In this technological environment that evolves day by day and hour by hour, we provide the optimal technology for our customer’s needs.

Sanei Hytechs conducts design service R&D. The pillars of our R&D are “Designing AI,” “Pioneering new technology,” and “Streamlining design.”
Here we introduce the cutting edge of our R&D by theme, within the scope that we can introduce at present.

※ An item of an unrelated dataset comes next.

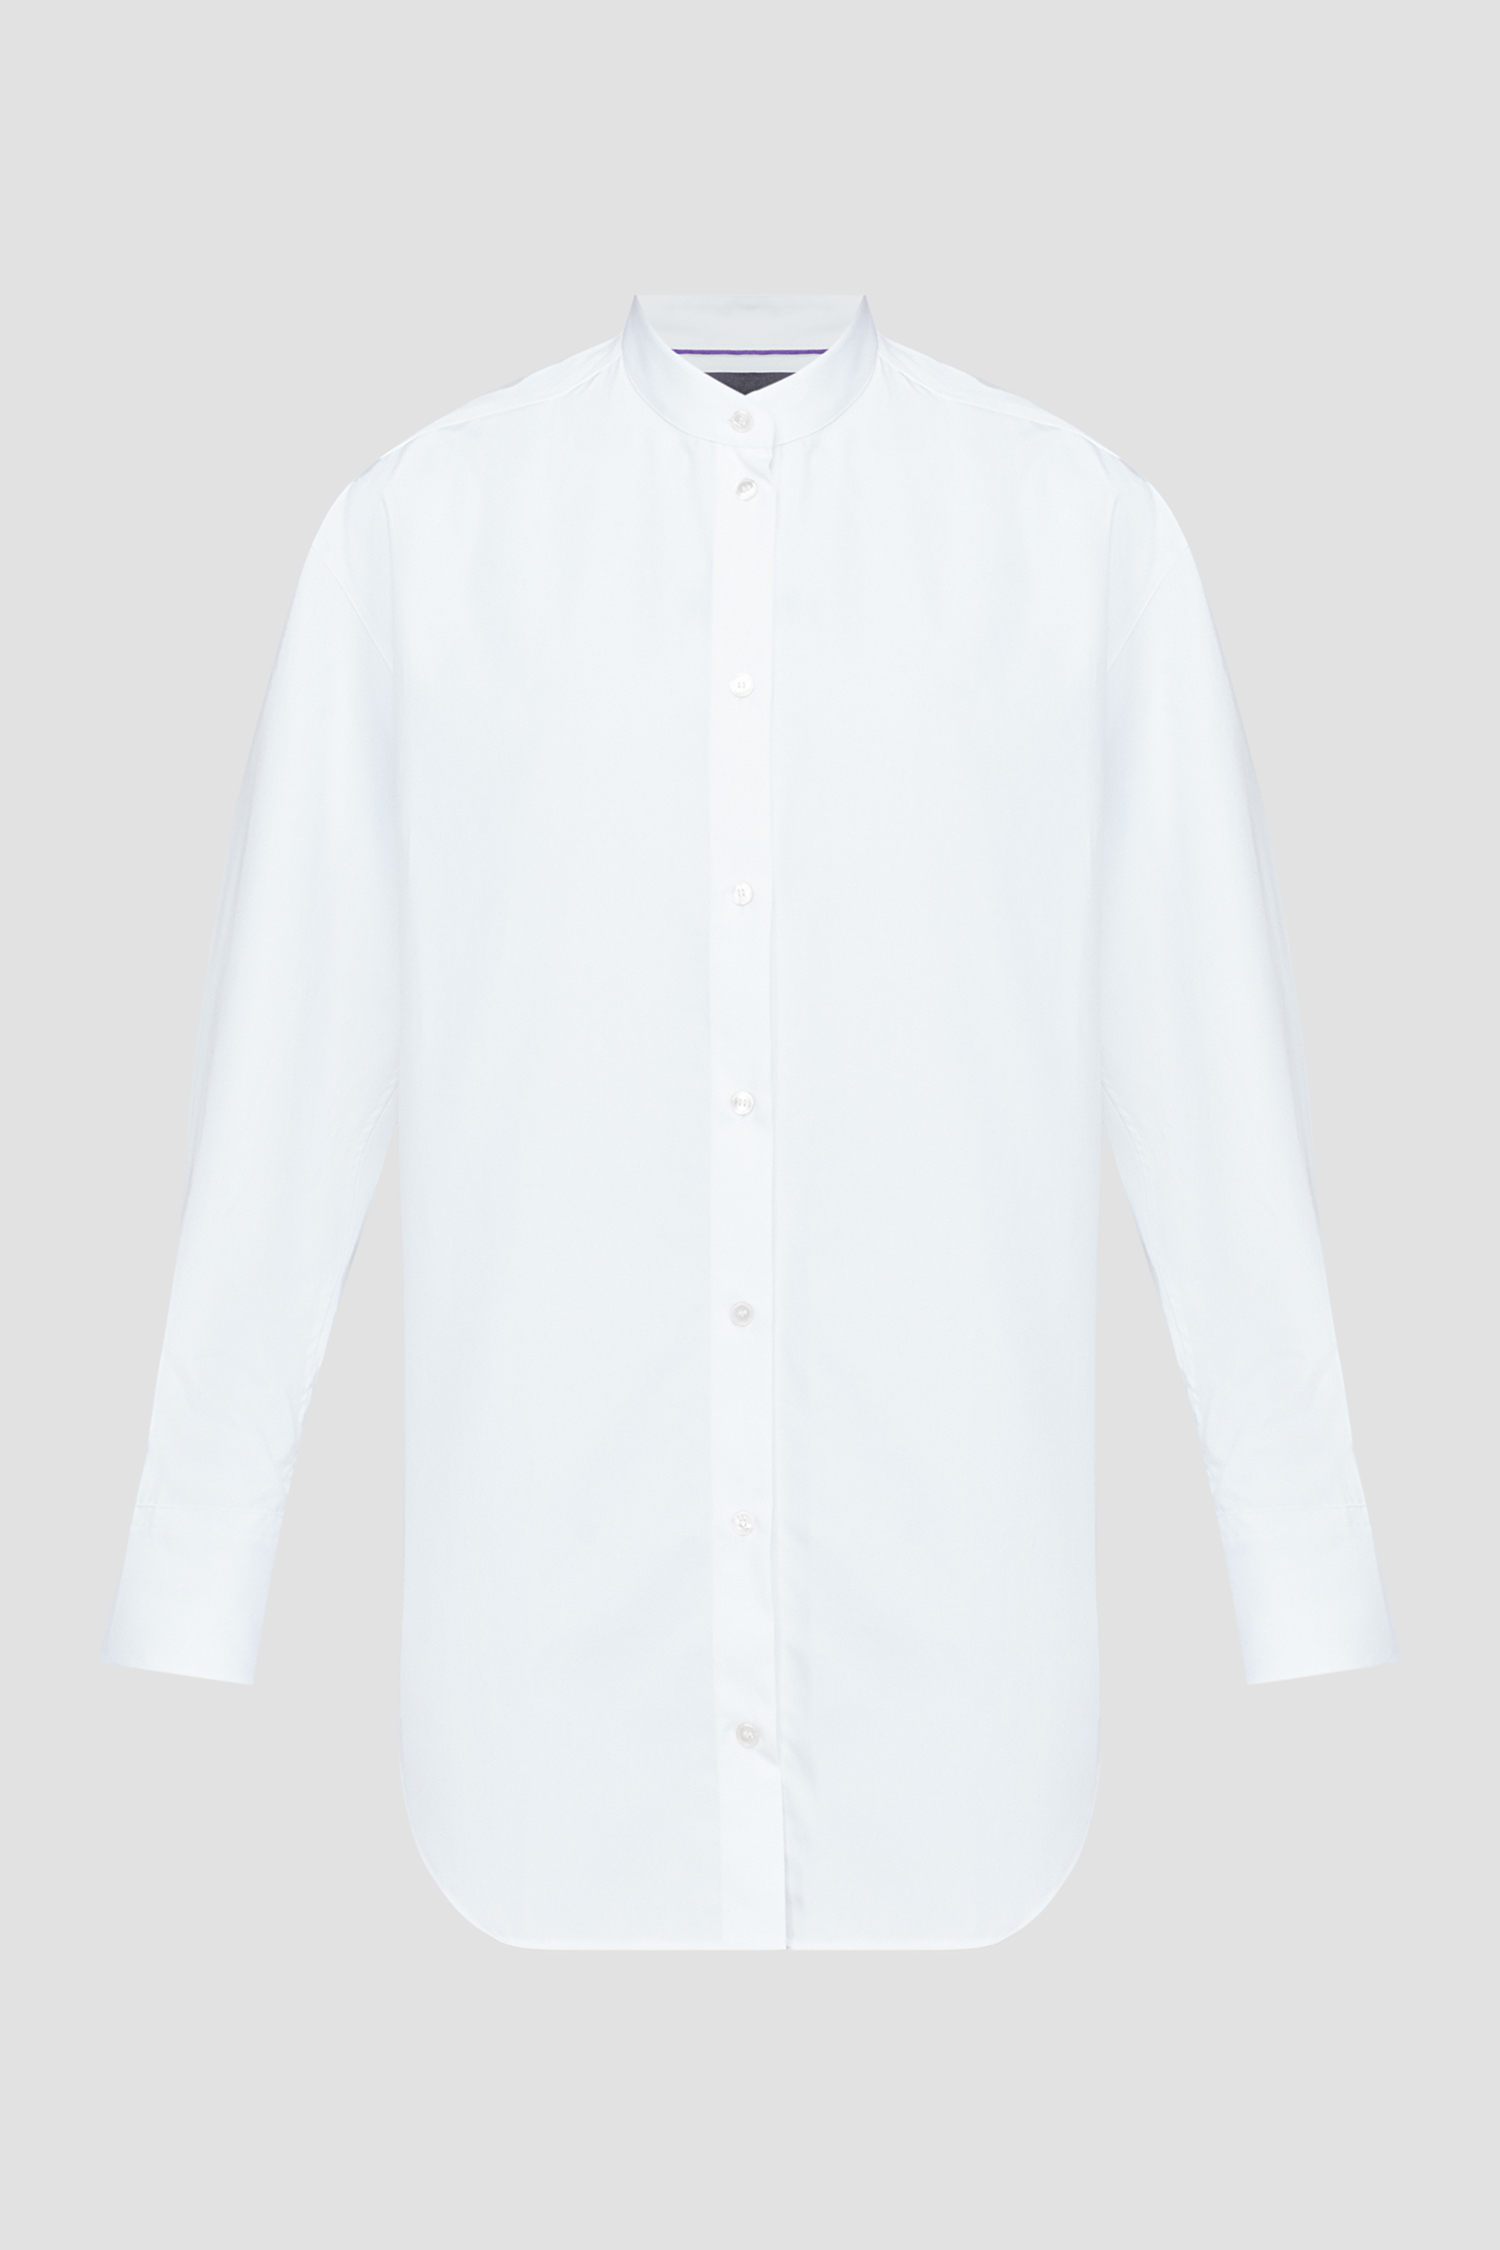 Жіноча біла блуза 1

Designing AI: Deep Learning

In order to meet recent market needs, we have developed an “AI design service.” In AI technology, “deep learning” is becoming essential in order to realize relatively complex image recognition, and we are focusing our efforts on deep learning as well. If you wish to use deep learning for business, you may face several realistic hurdles. These include designing appropriate neural networks, designing appropriate machine learning flow, building a machine environment for machine learning, and adding a large volume of correct information. Sanei Hytechs covers all these elements to provide an integrated deep learning service.
 
Here we introduce an example of neural network and machine learning flow design. The following 2 diagrams are an example of using deep learning to make a neural network that detects the center line of roads. The left diagram is the configuration diagram of the designed neural network. It has the shape of a CNN (convolutional neural network) commonly used for image recognition, configured with 3 convolution layers and 2 fully connected layers. In normal CNN’s, there is a pooling layer between them, but here the design omits the pooling layer in order to retain location information as much as possible. The diagram on the right shows the results of passing actual road images into the neural network to detect the center line of the road.
Configuration of a neural network for detecting the center line
Road center line detection results (Displayed with a red line)
In this example, we have conducted machine learning using Chainer, a deep learning platform released as open source by Preferred Networks, Inc. (PFN). The massive calculations involved in machine learning are done using GPU machines on AWS, the cloud service provided by Amazon. Communication with the machine on AWS is done with a highly secure VPN connection, so we can do design in the same type of environment that we have for our machines in house. Sanei Hytechs also offers IT service, so we are skilled in this sort of environment building. Depending on the design work, we sometimes purchase physical machines and install them in house instead of using cloud service. We have experience constantly operating tens of work stations at a time primarily for semiconductor design, so we are also capable of environment building using hardware we have purchased ourselves. Our strength lies in our ability to flexibly and swiftly build machine environments for machine learning.
 
The most difficult of the four realistic hurdles mentioned at the beginning is adding large volumes of correct information. Deep learning belongs to the machine learning category known as “supervised learning,” so it requires training data in order to learn. For example, say that you wish to make an image recognition program that uses deep learning to identify the location of cardboard boxes in pictures taken inside a factory. In that case, human staff would prepare vast numbers of pictures with cardboard boxes in them, and put markers showing the location of the cardboard boxes in those images. The markers added to the images are correct information. The set of images and correct information together form “training data.” This correct information is also known as “ground truth.”
 
Generally, it is said that in order to secure accuracy adequate for practical use, a minimum of 100,000 images with correct information added are required. Depending on the application, tens, hundreds, or thousands of times as much data may be necessary. This is an extraordinary amount, but unfortunately, the work must be done manually. Securing the human resources for this is a major hurdle for realizing deep learning. For this reason, we have formed a correct information production team at our Vietnamese subsidiary Sanei Hytechs Vietnam Co., Ltd. We already have made achievements responding to high volume orders from major corporate customers.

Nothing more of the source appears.